Hypothesis 1a. Code reputation is positively related to time spent on code.
Hypothesis 1b. Code reputation is positively related to code interactions.
Hypothesis 1c. Code reputation is positively related to trustworthiness perceptions.
Hypothesis 1d. Code reputation is positively related to participant’s willingness to reuse code (i.e., trust).
Performance is described as the overall ability of code to complete a context-dependent task. Performance has been linked to key aspects of trust in other scenarios, such as robotics [
7] and automation [
6]. Related to computer science, Lingzi and Zhi [
22] found that performing audits on code led to increased user confidence and code usage, both of which are associated with trust. Stated simply, auditing code provides important performance-relevant information about the code [
10], while also revealing security vulnerabilities and inefficiencies in code execution. The increased transparency of the underlying processes in the code from the audit led to an increase in trustworthiness perceptions. Similarly, the most important qualities found when selecting OSS to use were compliance with user requirements, extensibility, and ease of updates [
17], all of which are possible metrics of performance. Code that meets the appropriate standards for performance will engage the use of heuristics, leading to less mental processing of the code. In contrast, code that is lower in performance will necessitate a deeper dive, ascertaining more information about the code before making a judgement (in other words, users become engaged in more systematic processing). In the present study, it was hypothesized that performance characteristics displayed in an online repository would be related to trustworthiness perceptions.
Hypothesis 2a. Code performance is negatively related to time spent on code.
Hypothesis 2b. Code performance is positively related to code interactions.
Hypothesis 2c. Code performance is positively related to trustworthiness perceptions.
Hypothesis 2d. Code performance is positively related to participants’ willingness to reuse code (i.e., trust).

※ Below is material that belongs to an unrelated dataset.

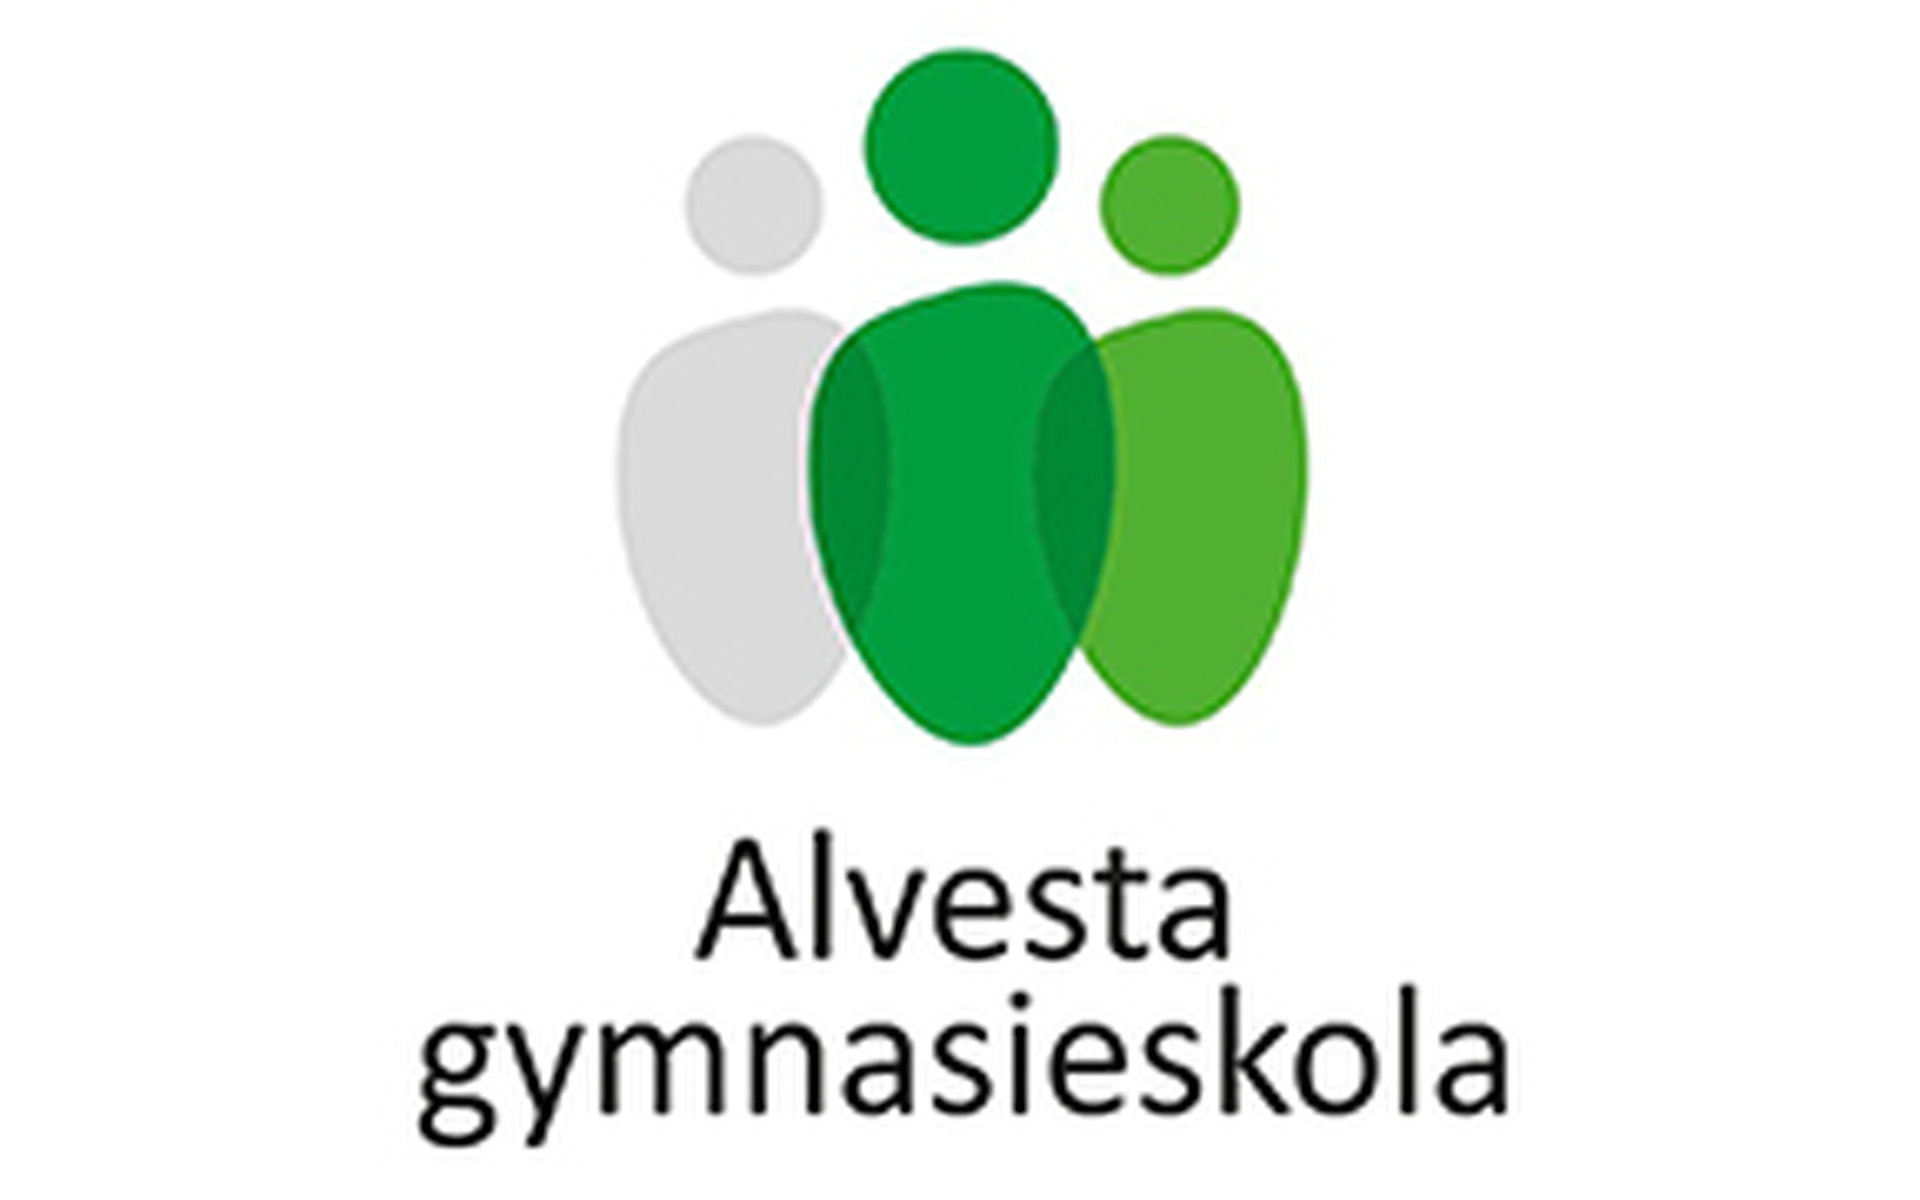 Alvesta Gymnasieskola

Prior research, however, has shown that trust perceptions of code sometimes interact unpredictably. Interestingly, Alarcon and colleagues [
1] found that when code was organized poorly but was highly readable and reputable, programmers spent more time on and were more trusting of the code. According to the HSM, the high reputation and readability of the code may have prompted the user to perform systematic processing over code snippets that are functional and compile [
2,
12], even though the code was poorly organized. Similarly, Alarcon and colleagues [
16] investigated the effects of comments—defined as documentation that has no effect on code functionality—on trust perceptions of code. Trust assessments were found to not be solely based on the code itself but can be influenced by informational cues ascertained from outside sources, such as commenting or perhaps the repository website from which the code was obtained.

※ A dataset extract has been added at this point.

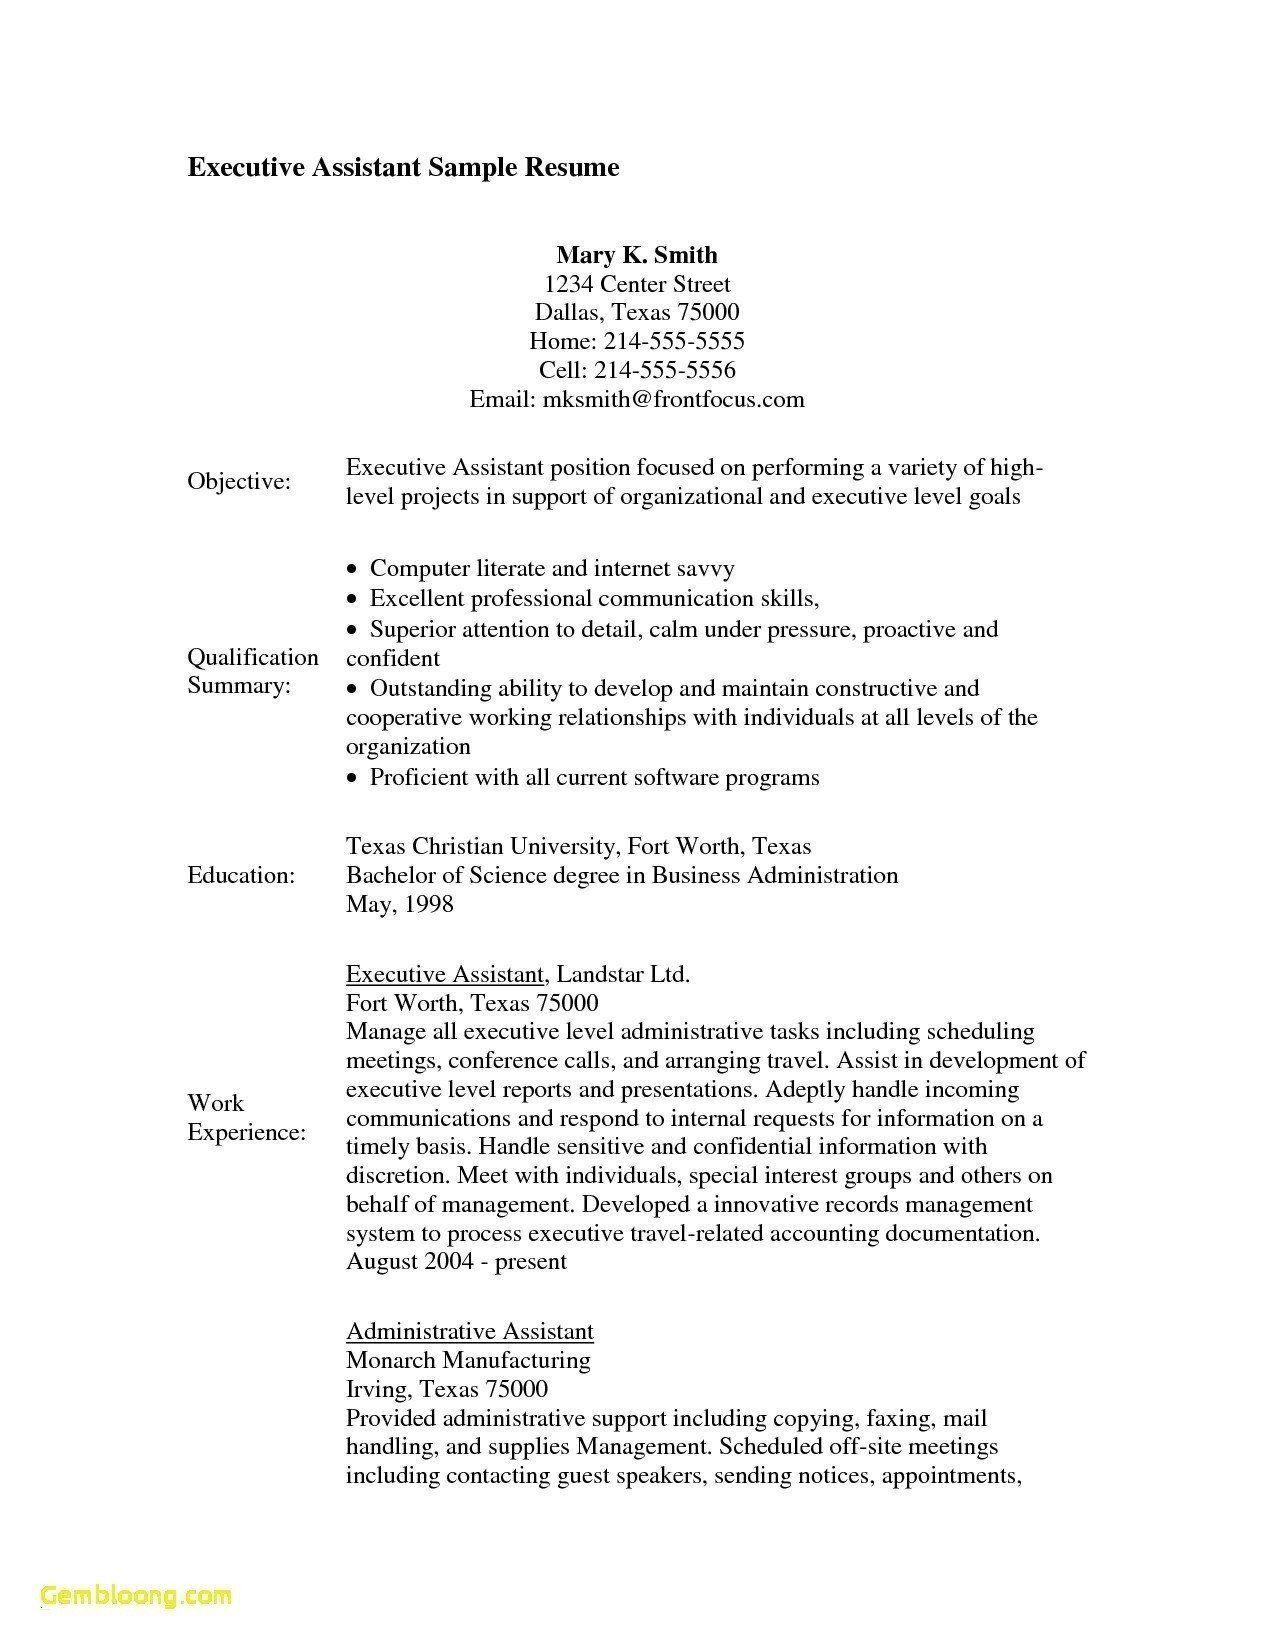 Sample Resume For Preschool Teacher Assistant Elegant Beautiful Christian Preschool Teacher Resume 50ger

These studies indicated that the relationship between the factors found in Alarcon and colleagues’ [
2] CTA and trustworthiness perceptions is not straightforward. Thus, we used exploratory techniques when interpreting the extent to which the reputation of the code source and perceived code performance interact to influence trustworthiness perceptions and willingness to reuse (i.e., trust) the OSS code. Specifically, in cases where we found a significant two-way interaction, we examined the bar charts and highlighted the general trends without reporting inferential statistics.